» ACTIVITY
Repeat the listing exactly, line by line, and leave the pictures behind.

**** DATA EXCERPT

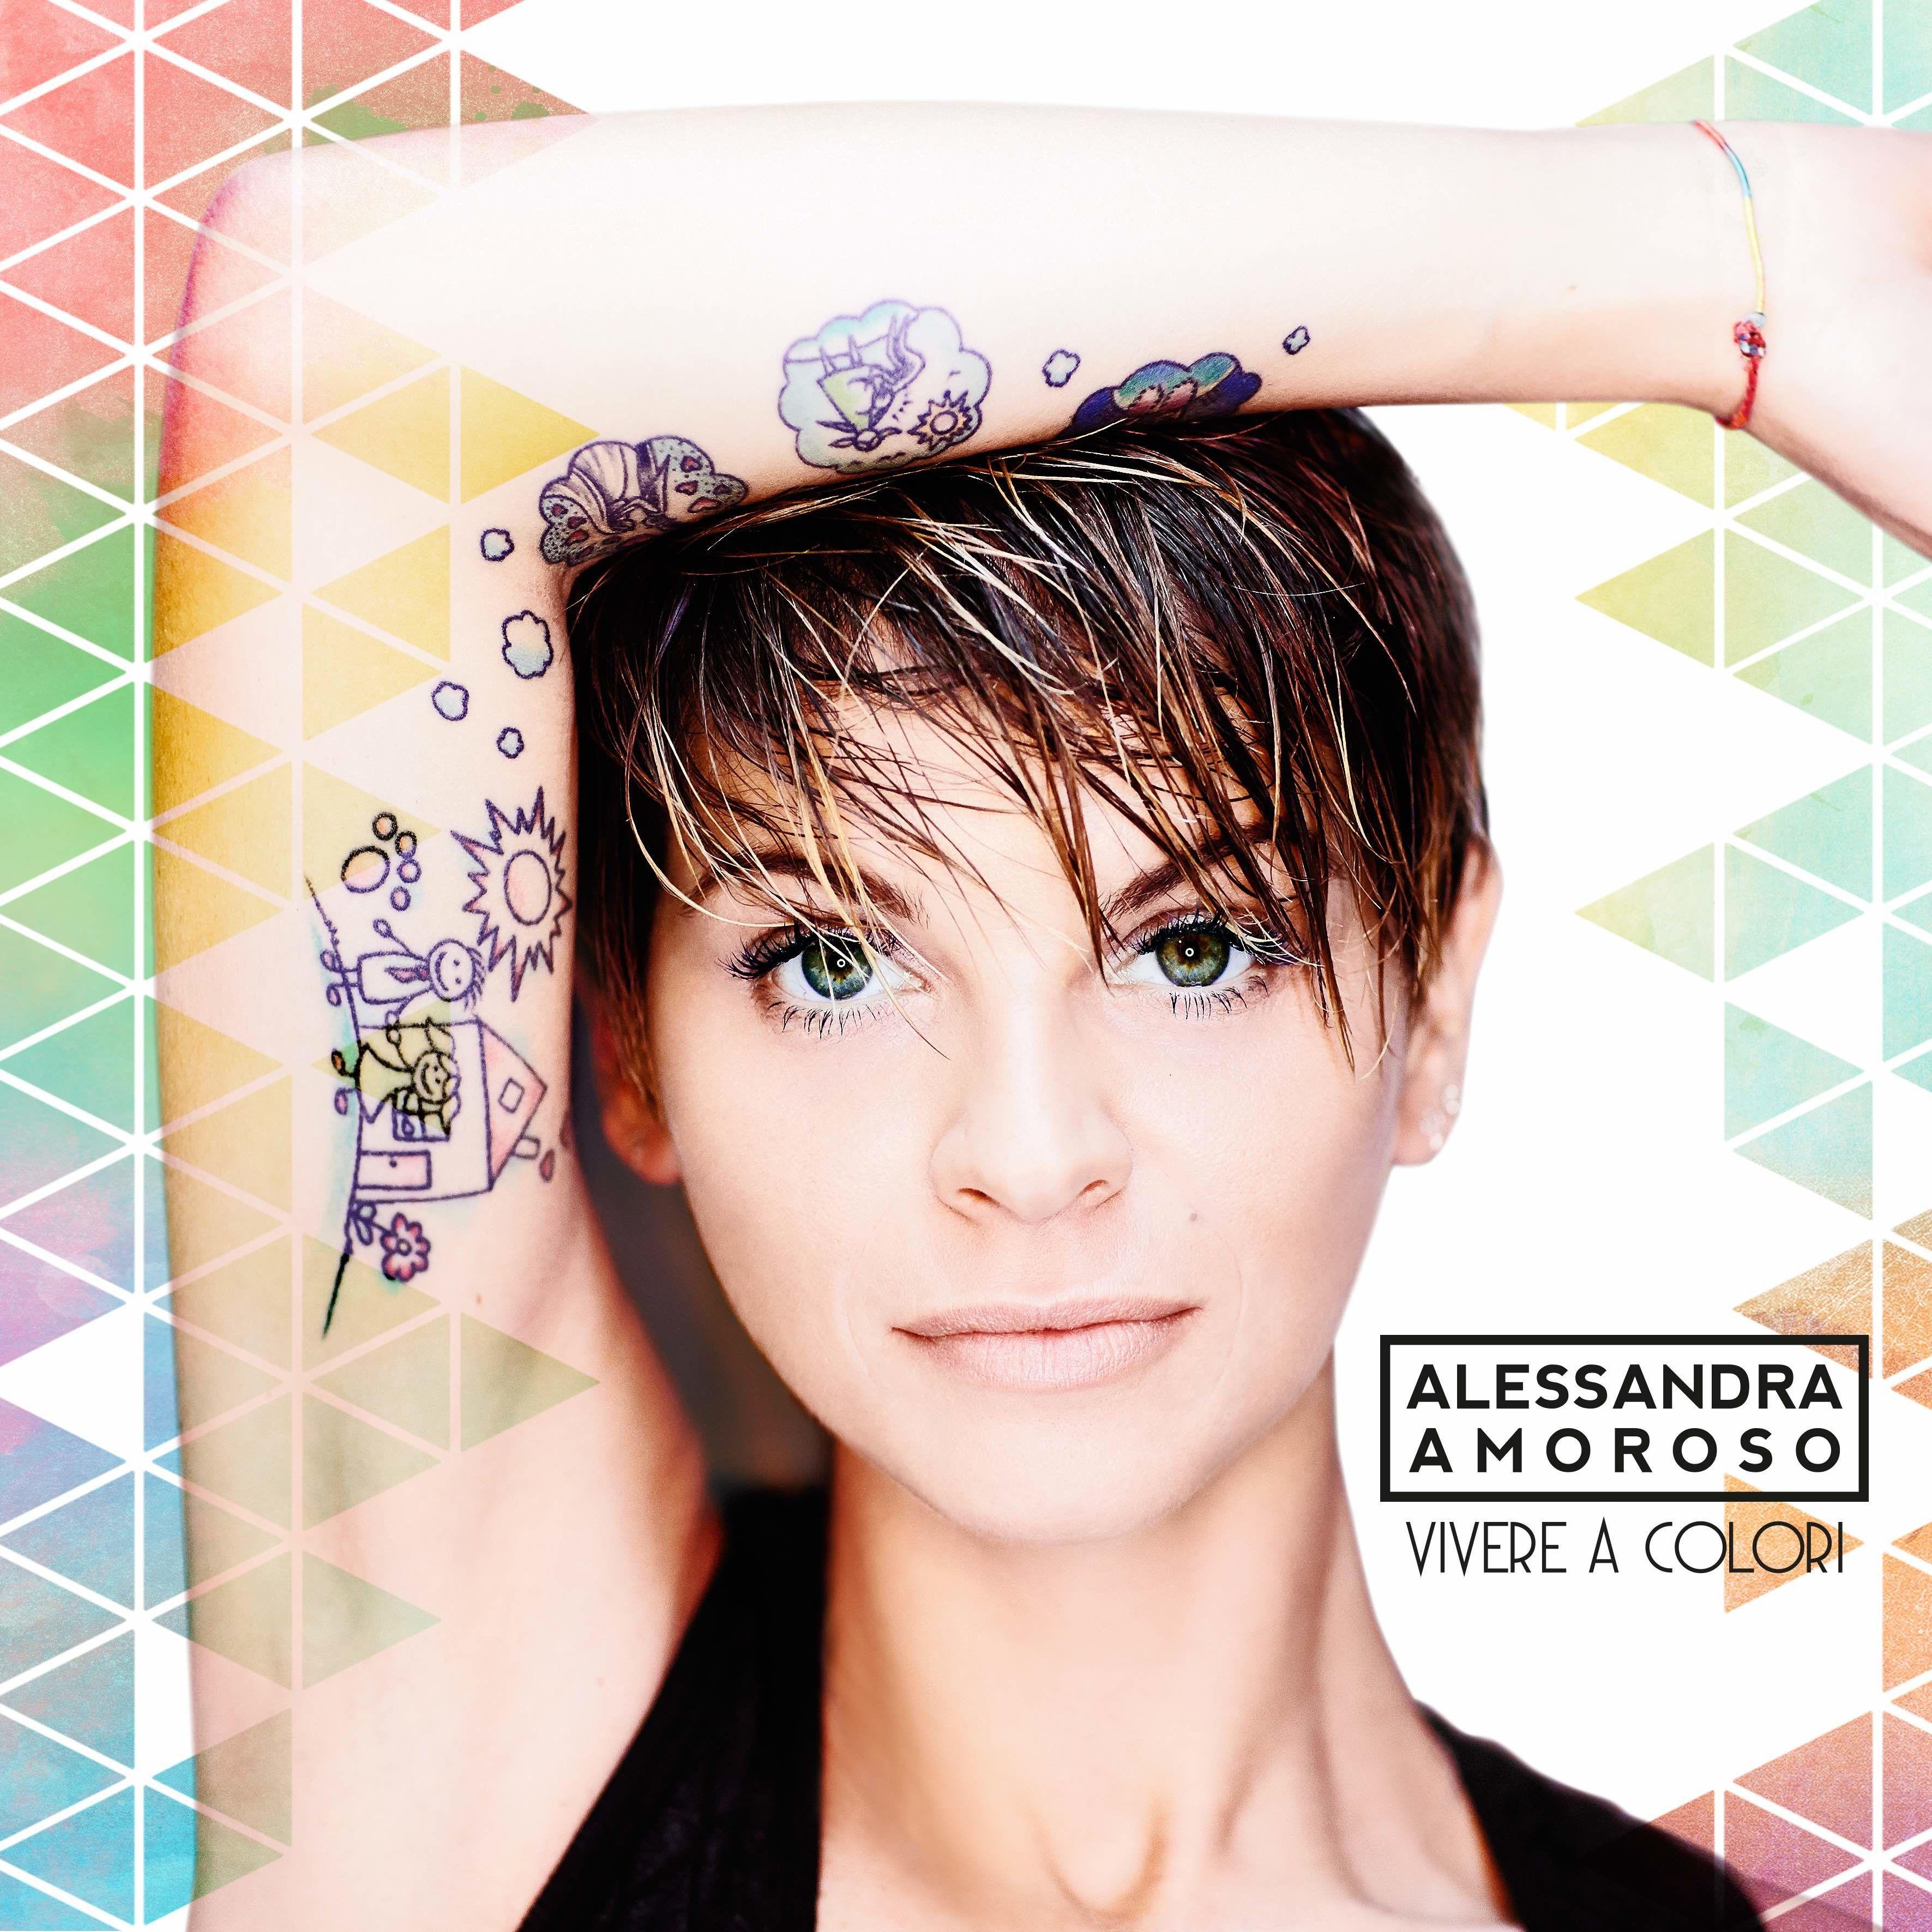 Alessandra Amoroso - Vivere A Colori album cover
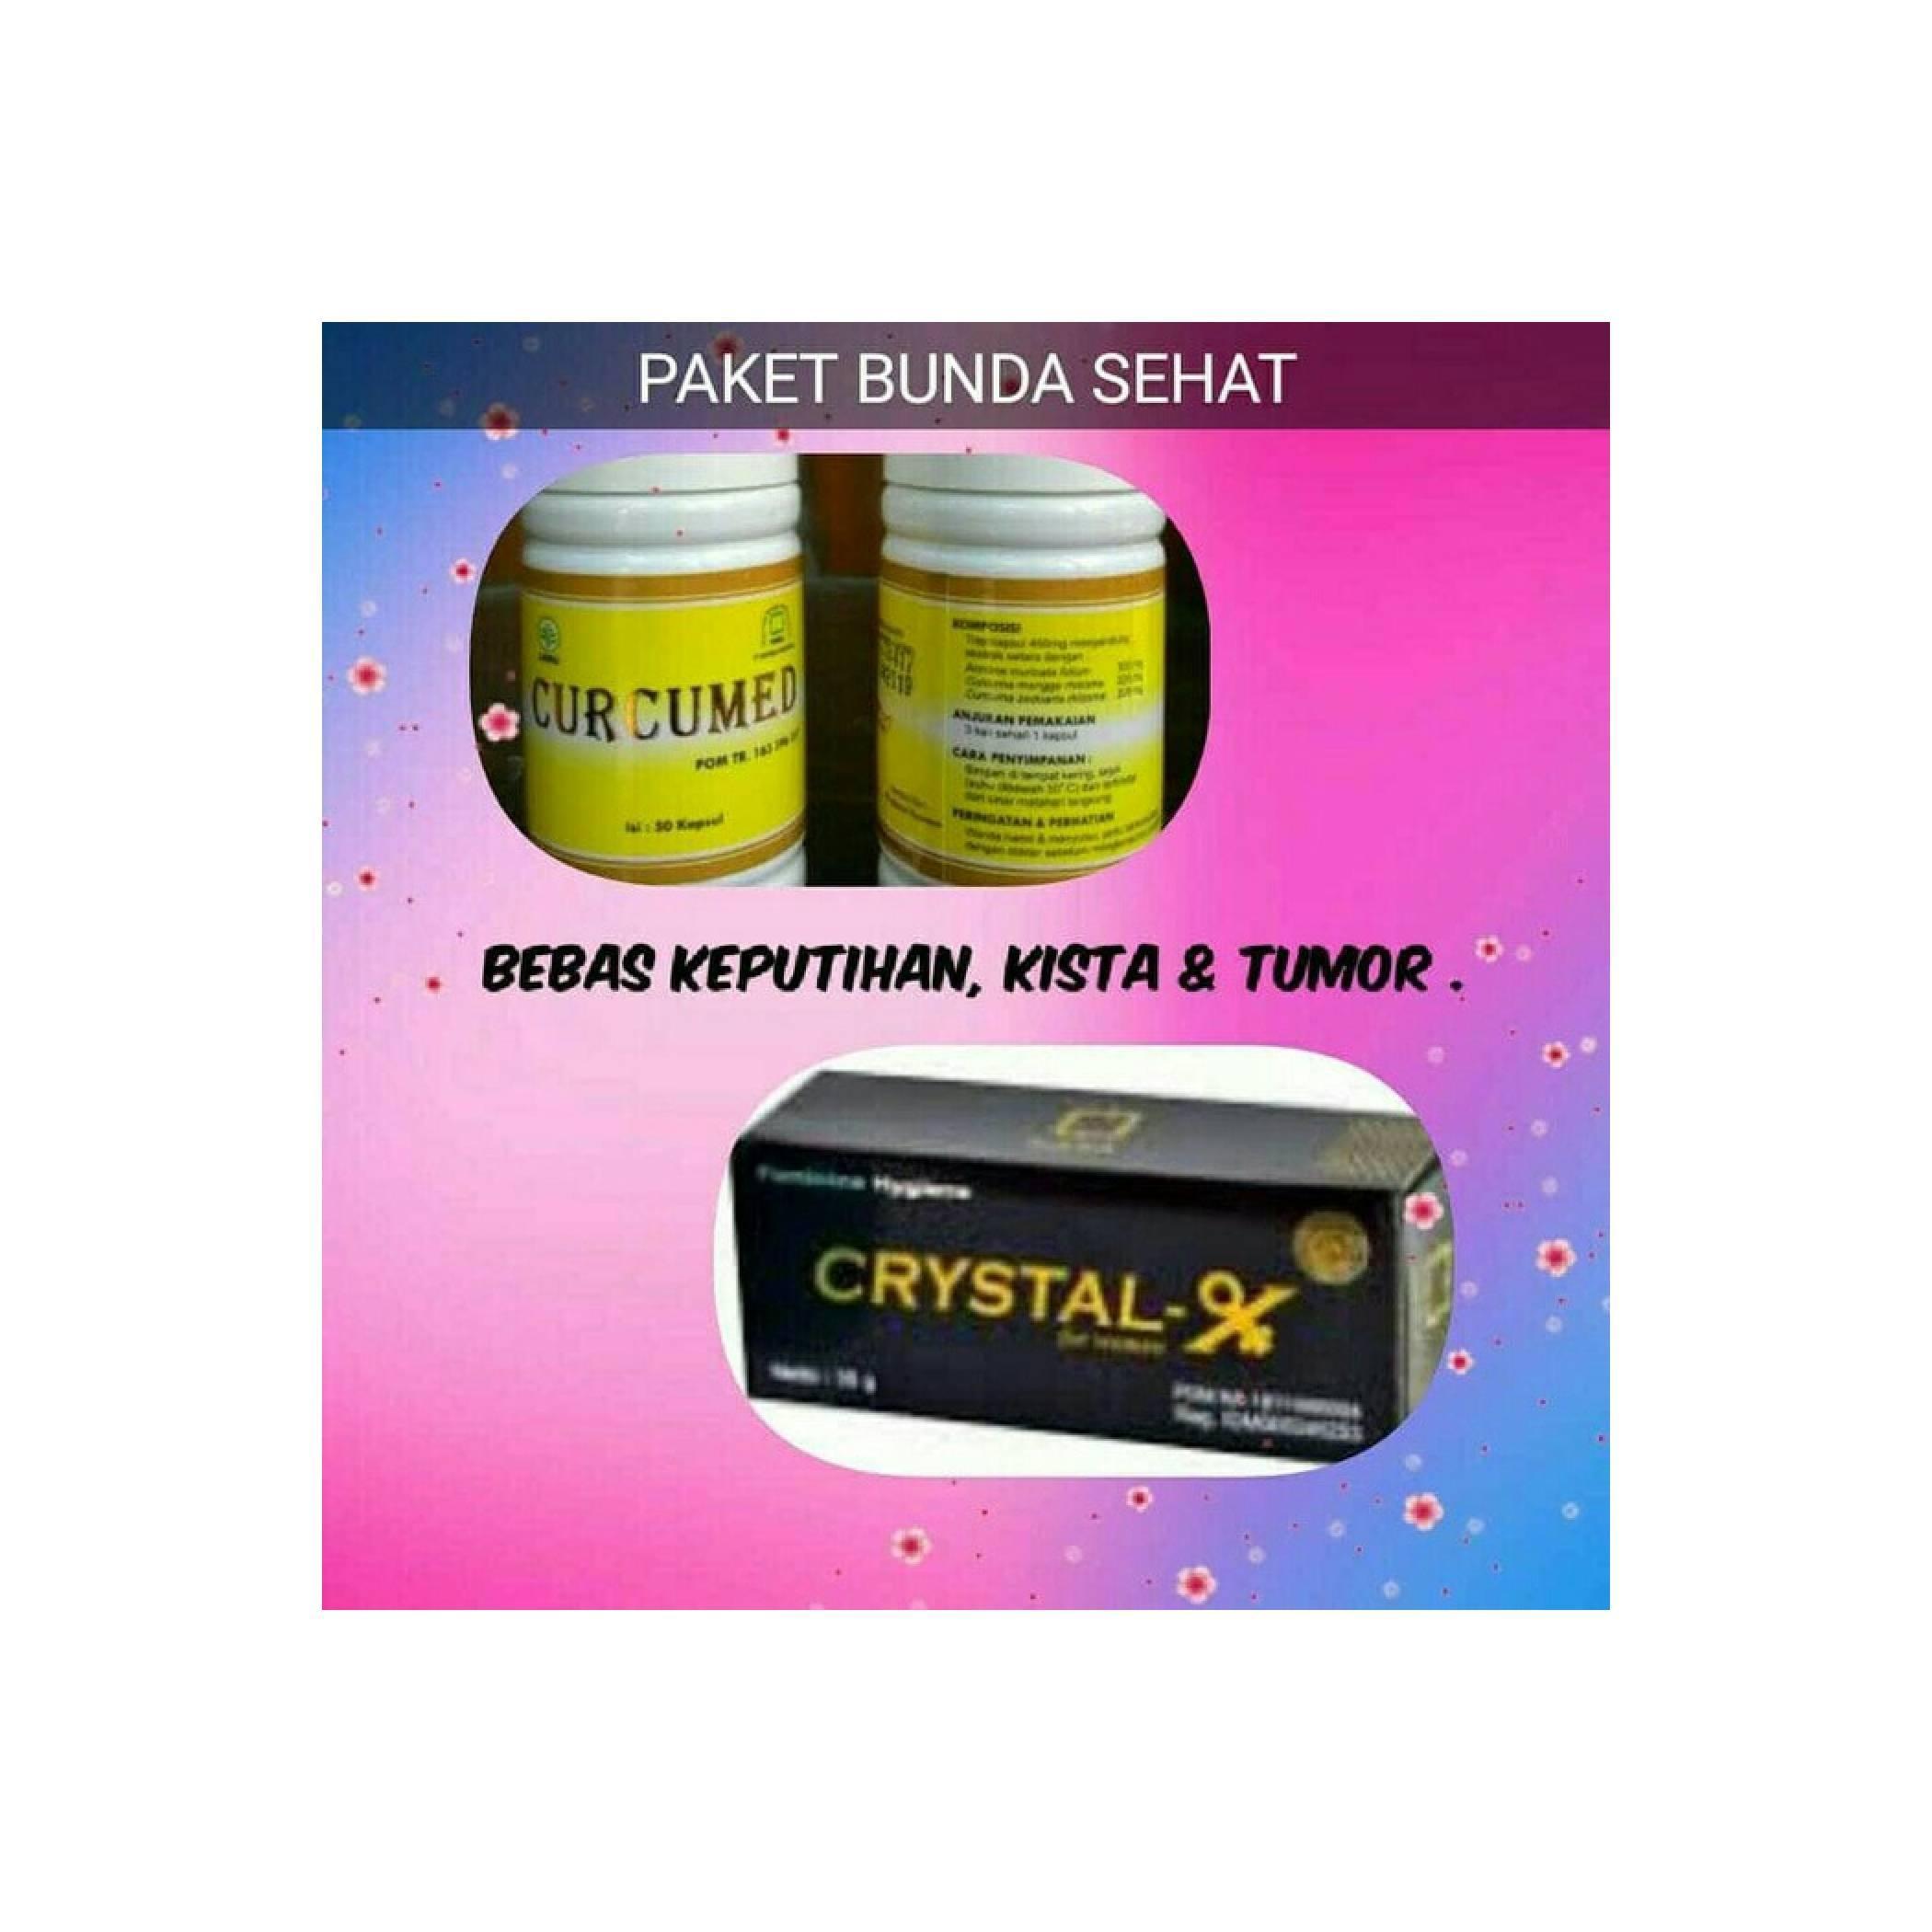 Paket Kista (Crystalx+Curcumed) Original/ Agen Nasa Jakarta 1
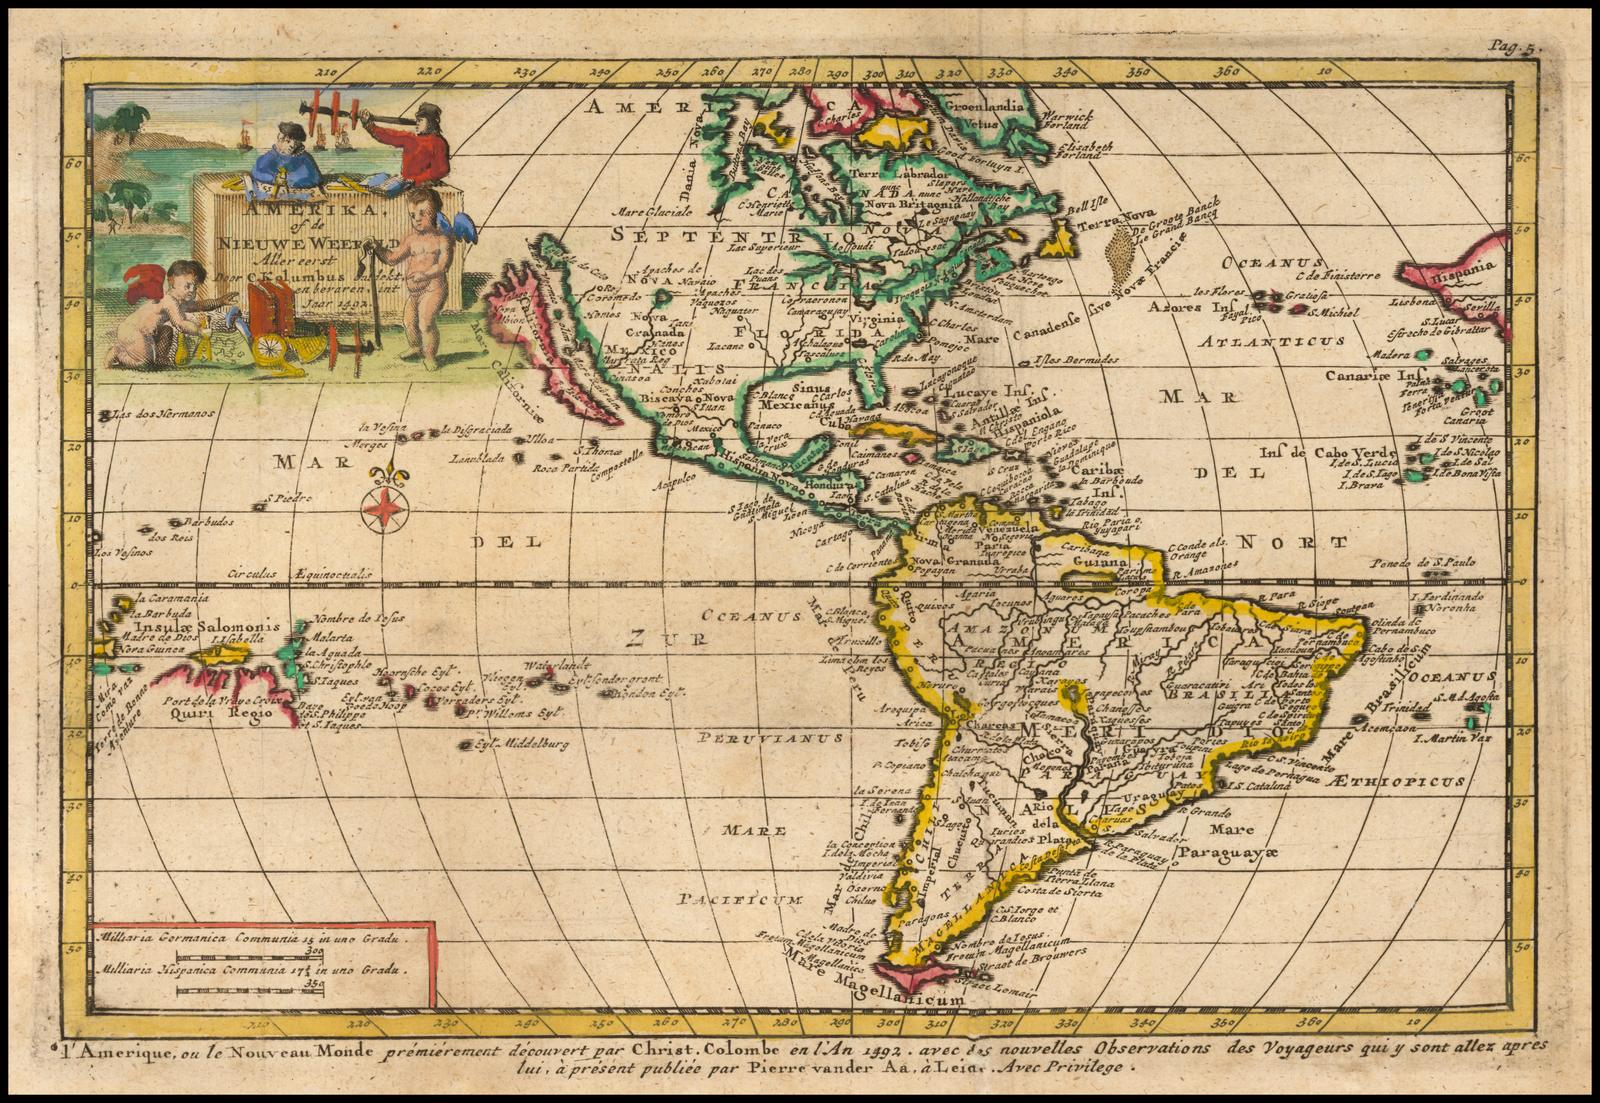 Amerika Of De Nieuwe Weerld Aller Eerst Door C Kolumbus 1492 Barry Lawrence Ruderman Antique Maps Inc

********

» EXERCISE RESULT
 Alessandra Amoroso - Vivere A Colori album cover
 Paket Kista (Crystalx+Curcumed) Original/ Agen Nasa Jakarta 1
 Amerika Of De Nieuwe Weerld Aller Eerst Door C Kolumbus 1492 Barry Lawrence Ruderman Antique Maps Inc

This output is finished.